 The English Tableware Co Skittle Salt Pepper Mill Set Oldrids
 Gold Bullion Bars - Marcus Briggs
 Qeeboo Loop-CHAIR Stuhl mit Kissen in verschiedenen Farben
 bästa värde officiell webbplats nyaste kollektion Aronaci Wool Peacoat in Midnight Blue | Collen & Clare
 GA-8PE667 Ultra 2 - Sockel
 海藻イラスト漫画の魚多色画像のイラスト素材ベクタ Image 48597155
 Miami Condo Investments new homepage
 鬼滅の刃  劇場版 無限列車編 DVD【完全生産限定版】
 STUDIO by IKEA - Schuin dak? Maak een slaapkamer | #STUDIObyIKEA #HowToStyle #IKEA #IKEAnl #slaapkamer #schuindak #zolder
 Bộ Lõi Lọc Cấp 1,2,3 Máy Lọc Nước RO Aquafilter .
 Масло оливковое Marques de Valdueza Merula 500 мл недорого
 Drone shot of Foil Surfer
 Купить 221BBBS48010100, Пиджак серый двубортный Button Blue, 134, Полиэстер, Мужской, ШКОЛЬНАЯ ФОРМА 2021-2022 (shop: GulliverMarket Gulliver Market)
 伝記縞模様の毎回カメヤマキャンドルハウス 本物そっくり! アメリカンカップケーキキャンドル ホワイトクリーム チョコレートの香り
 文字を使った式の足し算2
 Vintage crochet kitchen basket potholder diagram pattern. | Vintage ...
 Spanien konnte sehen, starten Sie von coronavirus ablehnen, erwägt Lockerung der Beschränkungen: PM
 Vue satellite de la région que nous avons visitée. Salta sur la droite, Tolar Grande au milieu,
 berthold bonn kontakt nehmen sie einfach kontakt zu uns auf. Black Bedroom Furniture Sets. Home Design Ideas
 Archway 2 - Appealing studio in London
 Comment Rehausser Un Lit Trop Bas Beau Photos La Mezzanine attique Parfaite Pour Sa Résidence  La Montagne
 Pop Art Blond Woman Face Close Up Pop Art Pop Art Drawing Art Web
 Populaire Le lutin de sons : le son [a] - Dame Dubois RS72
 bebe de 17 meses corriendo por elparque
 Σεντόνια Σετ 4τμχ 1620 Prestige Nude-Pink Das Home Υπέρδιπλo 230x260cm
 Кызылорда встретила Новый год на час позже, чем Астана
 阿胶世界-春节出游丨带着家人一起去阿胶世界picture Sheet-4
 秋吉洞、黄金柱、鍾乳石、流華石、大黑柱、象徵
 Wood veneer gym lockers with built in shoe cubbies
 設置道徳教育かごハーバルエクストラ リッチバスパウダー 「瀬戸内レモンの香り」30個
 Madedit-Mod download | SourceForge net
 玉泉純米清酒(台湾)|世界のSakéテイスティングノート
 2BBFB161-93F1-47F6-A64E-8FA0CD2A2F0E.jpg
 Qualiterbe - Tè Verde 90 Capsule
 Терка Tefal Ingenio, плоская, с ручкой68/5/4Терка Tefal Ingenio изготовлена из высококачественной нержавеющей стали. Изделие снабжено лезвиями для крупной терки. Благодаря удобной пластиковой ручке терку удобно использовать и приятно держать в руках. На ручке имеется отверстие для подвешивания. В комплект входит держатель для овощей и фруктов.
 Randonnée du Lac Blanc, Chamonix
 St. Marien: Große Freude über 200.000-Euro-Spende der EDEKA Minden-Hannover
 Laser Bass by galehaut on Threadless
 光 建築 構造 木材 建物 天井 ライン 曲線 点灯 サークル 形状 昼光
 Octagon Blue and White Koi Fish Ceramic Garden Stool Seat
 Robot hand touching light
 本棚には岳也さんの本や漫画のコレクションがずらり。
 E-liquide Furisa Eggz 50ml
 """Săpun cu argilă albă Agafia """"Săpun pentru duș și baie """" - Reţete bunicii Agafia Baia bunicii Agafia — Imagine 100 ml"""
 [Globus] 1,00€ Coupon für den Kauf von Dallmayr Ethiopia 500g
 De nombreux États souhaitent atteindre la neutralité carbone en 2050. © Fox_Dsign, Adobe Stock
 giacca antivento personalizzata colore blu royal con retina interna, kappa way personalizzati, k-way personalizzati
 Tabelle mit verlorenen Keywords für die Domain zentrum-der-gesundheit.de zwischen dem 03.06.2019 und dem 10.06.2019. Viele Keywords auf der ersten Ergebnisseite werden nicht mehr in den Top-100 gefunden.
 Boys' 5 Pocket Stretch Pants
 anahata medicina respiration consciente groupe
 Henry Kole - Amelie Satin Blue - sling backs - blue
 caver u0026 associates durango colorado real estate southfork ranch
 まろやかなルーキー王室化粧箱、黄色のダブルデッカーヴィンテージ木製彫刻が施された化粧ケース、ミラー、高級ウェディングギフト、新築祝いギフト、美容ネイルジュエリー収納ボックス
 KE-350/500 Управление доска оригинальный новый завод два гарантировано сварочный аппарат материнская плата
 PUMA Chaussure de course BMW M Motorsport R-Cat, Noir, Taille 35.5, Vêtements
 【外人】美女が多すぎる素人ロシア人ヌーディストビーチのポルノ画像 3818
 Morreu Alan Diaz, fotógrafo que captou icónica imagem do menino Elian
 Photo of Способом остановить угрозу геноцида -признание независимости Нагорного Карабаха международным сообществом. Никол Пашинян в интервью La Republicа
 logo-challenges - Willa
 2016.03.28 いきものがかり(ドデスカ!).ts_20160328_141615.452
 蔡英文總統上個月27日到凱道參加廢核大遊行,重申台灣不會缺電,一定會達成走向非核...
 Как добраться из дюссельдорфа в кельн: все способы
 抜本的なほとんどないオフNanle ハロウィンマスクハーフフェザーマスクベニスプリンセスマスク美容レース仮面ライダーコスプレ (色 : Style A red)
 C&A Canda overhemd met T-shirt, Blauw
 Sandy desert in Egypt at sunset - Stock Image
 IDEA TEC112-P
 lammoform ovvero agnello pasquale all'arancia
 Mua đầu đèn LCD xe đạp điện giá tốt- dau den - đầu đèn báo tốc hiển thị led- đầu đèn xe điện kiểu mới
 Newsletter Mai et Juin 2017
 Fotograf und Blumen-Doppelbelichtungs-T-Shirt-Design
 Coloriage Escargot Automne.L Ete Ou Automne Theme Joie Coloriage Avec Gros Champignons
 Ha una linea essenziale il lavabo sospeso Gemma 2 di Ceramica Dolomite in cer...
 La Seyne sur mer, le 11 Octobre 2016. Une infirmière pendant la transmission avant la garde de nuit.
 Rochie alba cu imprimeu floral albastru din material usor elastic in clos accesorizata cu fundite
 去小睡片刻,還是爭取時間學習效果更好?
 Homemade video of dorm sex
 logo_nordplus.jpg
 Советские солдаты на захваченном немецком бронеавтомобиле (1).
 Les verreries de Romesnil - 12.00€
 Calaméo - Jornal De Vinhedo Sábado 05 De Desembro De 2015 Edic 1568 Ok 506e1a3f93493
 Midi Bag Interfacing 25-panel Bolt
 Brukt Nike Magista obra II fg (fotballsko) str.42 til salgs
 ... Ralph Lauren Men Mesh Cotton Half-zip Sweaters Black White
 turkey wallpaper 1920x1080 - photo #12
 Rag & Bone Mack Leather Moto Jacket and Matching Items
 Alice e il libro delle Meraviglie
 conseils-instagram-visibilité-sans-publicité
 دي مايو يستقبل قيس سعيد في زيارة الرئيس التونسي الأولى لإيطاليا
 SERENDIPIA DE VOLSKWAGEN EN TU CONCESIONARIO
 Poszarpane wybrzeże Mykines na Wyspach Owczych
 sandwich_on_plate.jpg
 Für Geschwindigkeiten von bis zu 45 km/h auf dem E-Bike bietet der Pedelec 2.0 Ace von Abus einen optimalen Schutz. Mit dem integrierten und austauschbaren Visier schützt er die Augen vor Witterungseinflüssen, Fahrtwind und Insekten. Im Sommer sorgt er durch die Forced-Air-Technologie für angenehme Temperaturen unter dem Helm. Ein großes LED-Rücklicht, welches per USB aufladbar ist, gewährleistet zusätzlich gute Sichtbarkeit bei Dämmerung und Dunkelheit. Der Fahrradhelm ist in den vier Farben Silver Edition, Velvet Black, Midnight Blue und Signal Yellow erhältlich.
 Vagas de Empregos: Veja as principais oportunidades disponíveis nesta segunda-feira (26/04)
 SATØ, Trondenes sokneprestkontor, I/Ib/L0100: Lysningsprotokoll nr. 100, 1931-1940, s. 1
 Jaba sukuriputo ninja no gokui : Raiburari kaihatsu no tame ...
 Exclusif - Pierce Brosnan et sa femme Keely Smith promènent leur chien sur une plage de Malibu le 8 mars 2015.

*ACTIVITY*. Every line from the top of the material through the line containing "Qeeboo Loop-CHAIR Stuhl" must be transcribed exactly, and no other line may appear.

*ANSWER AREA*.
 The English Tableware Co Skittle Salt Pepper Mill Set Oldrids
 Gold Bullion Bars - Marcus Briggs
 Qeeboo Loop-CHAIR Stuhl mit Kissen in verschiedenen Farben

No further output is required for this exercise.